• [RECORDED INFORMATION]

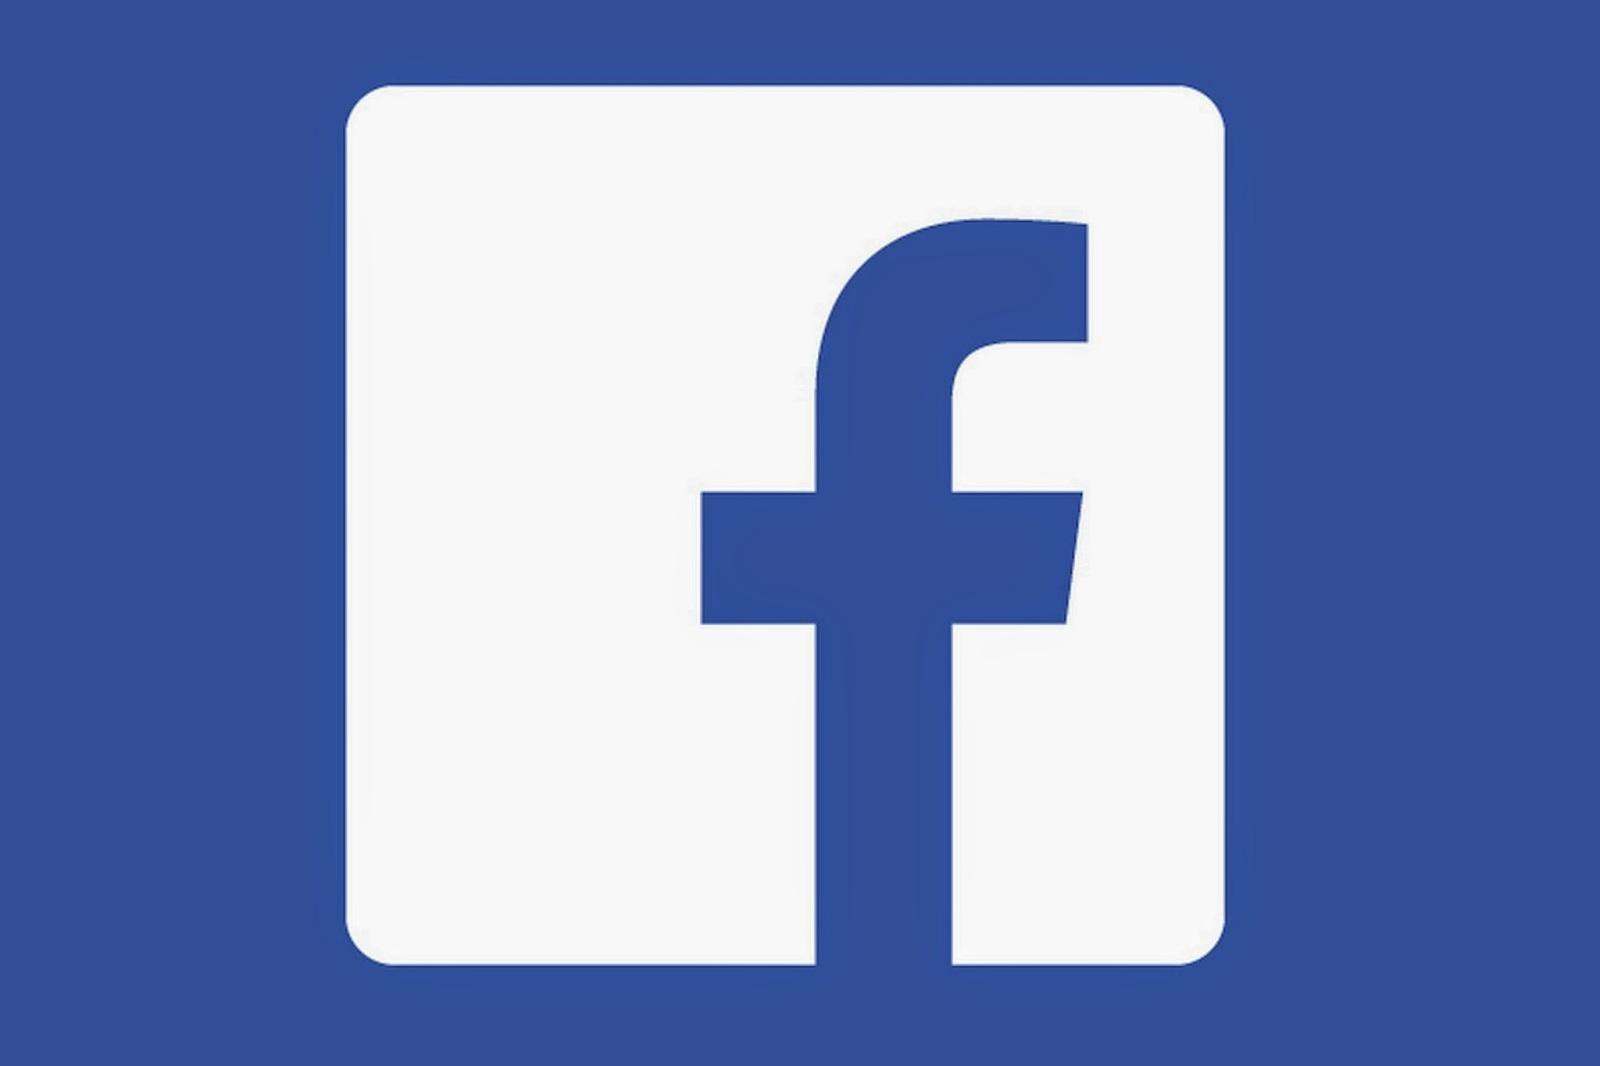 Facebook Logo Ai Download - ClipArt Best
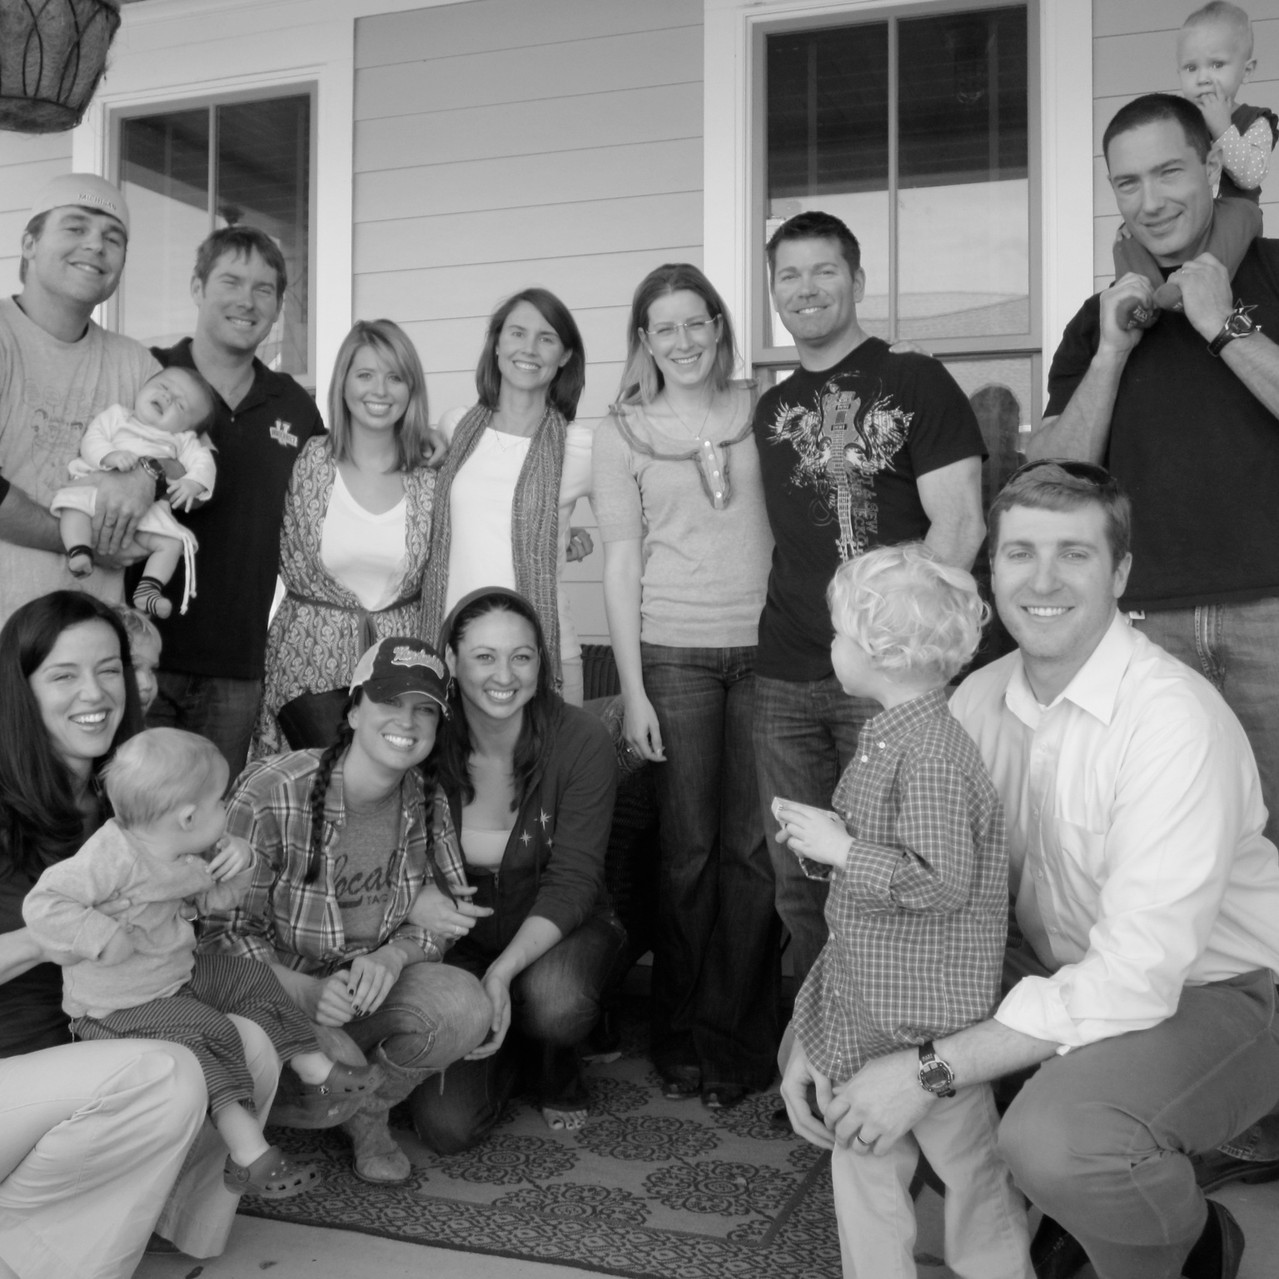 VFW Thanksgiving 2011
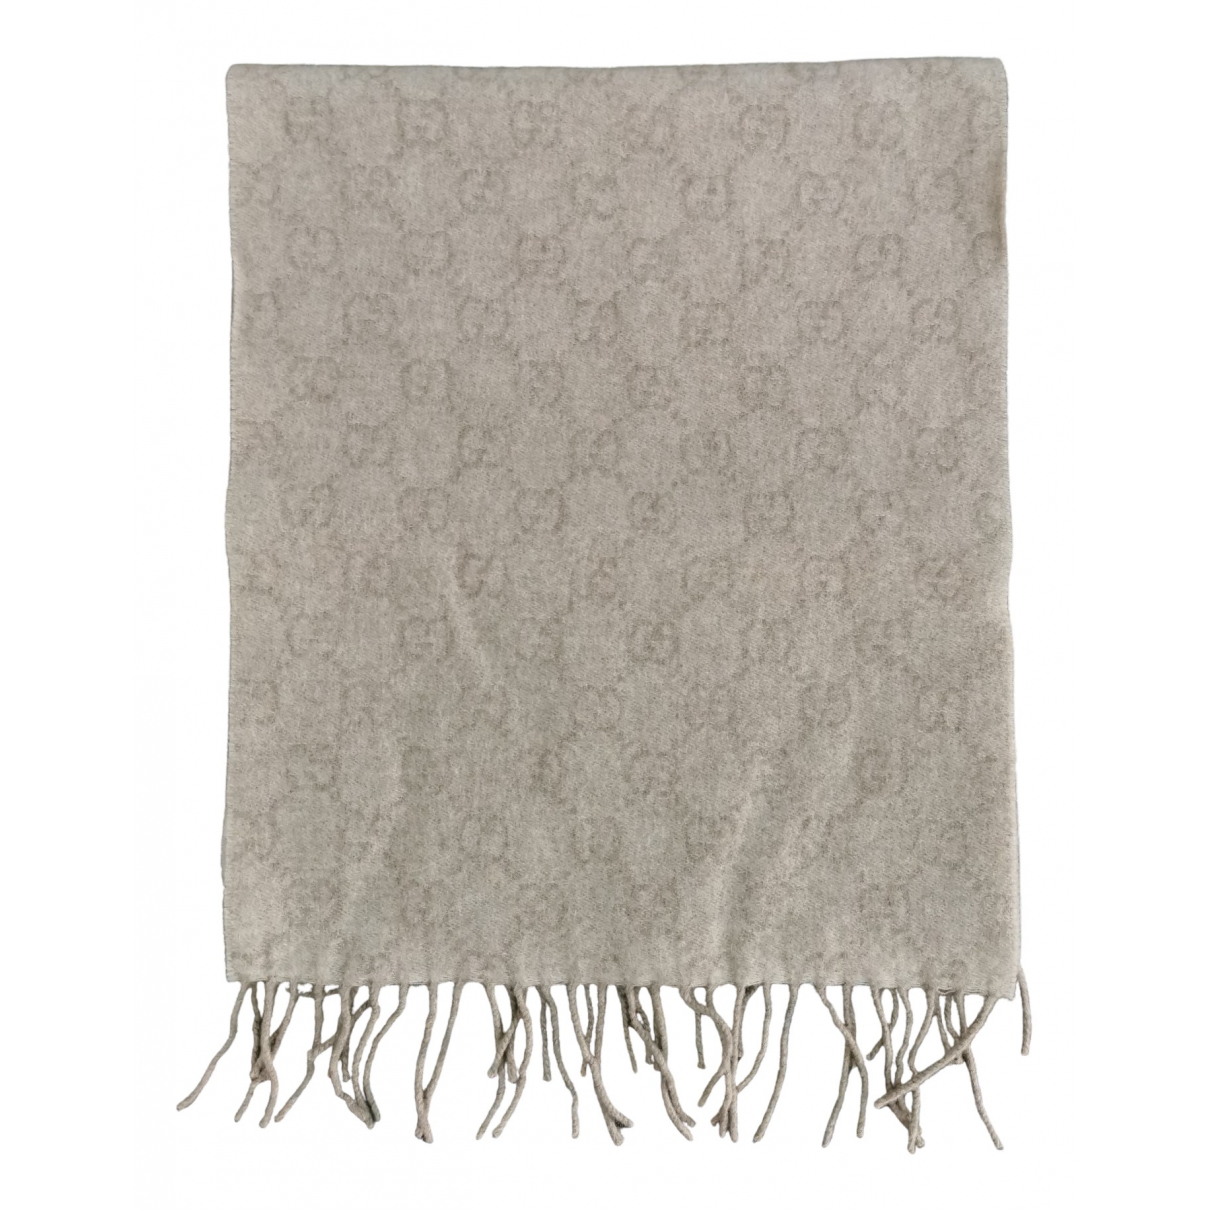 Gucci \N Beige Cashmere scarf for Women \N
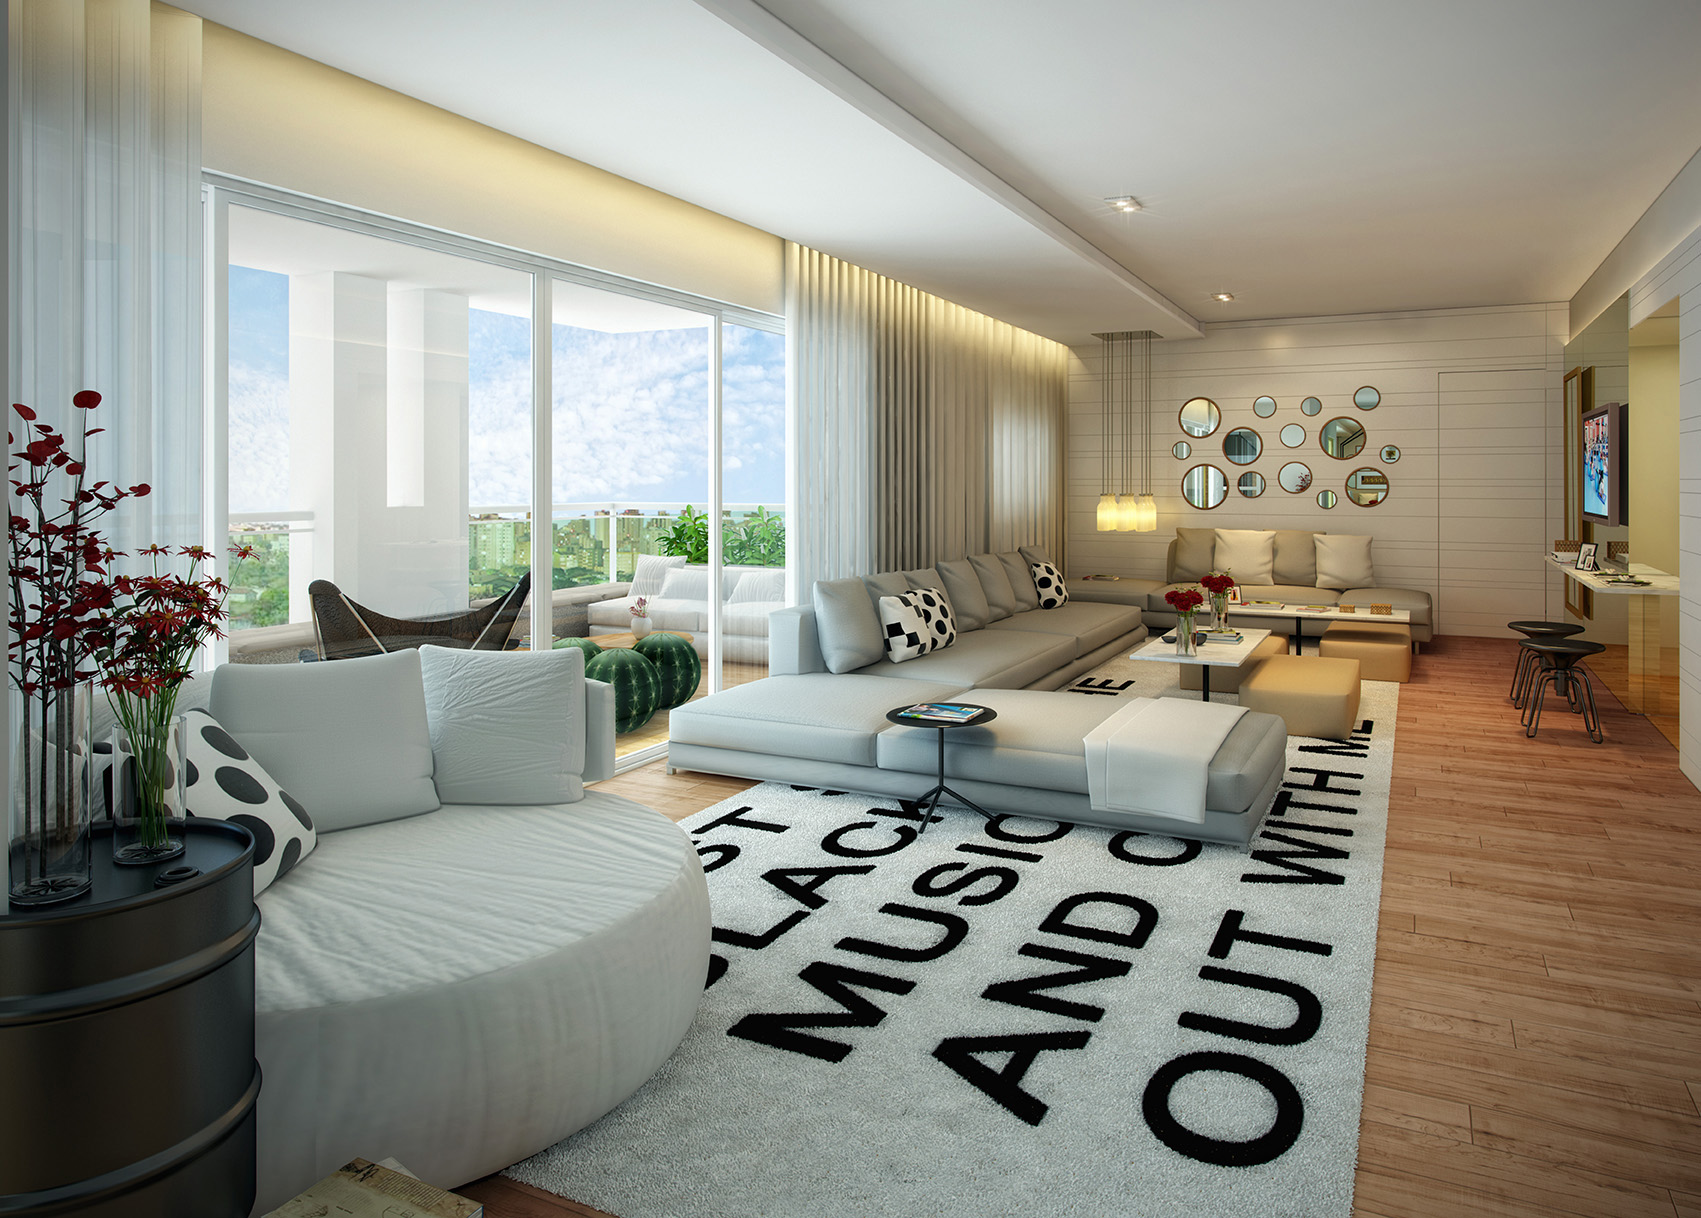 Living - 197 m²

• [INSTRUCTIONS TO FOLLOW]
Your reply should restate the data above word for word and contain no pictures.

• [SOLUTION BELOW]
 Facebook Logo Ai Download - ClipArt Best
 VFW Thanksgiving 2011
 Gucci \N Beige Cashmere scarf for Women \N
 Living - 197 m²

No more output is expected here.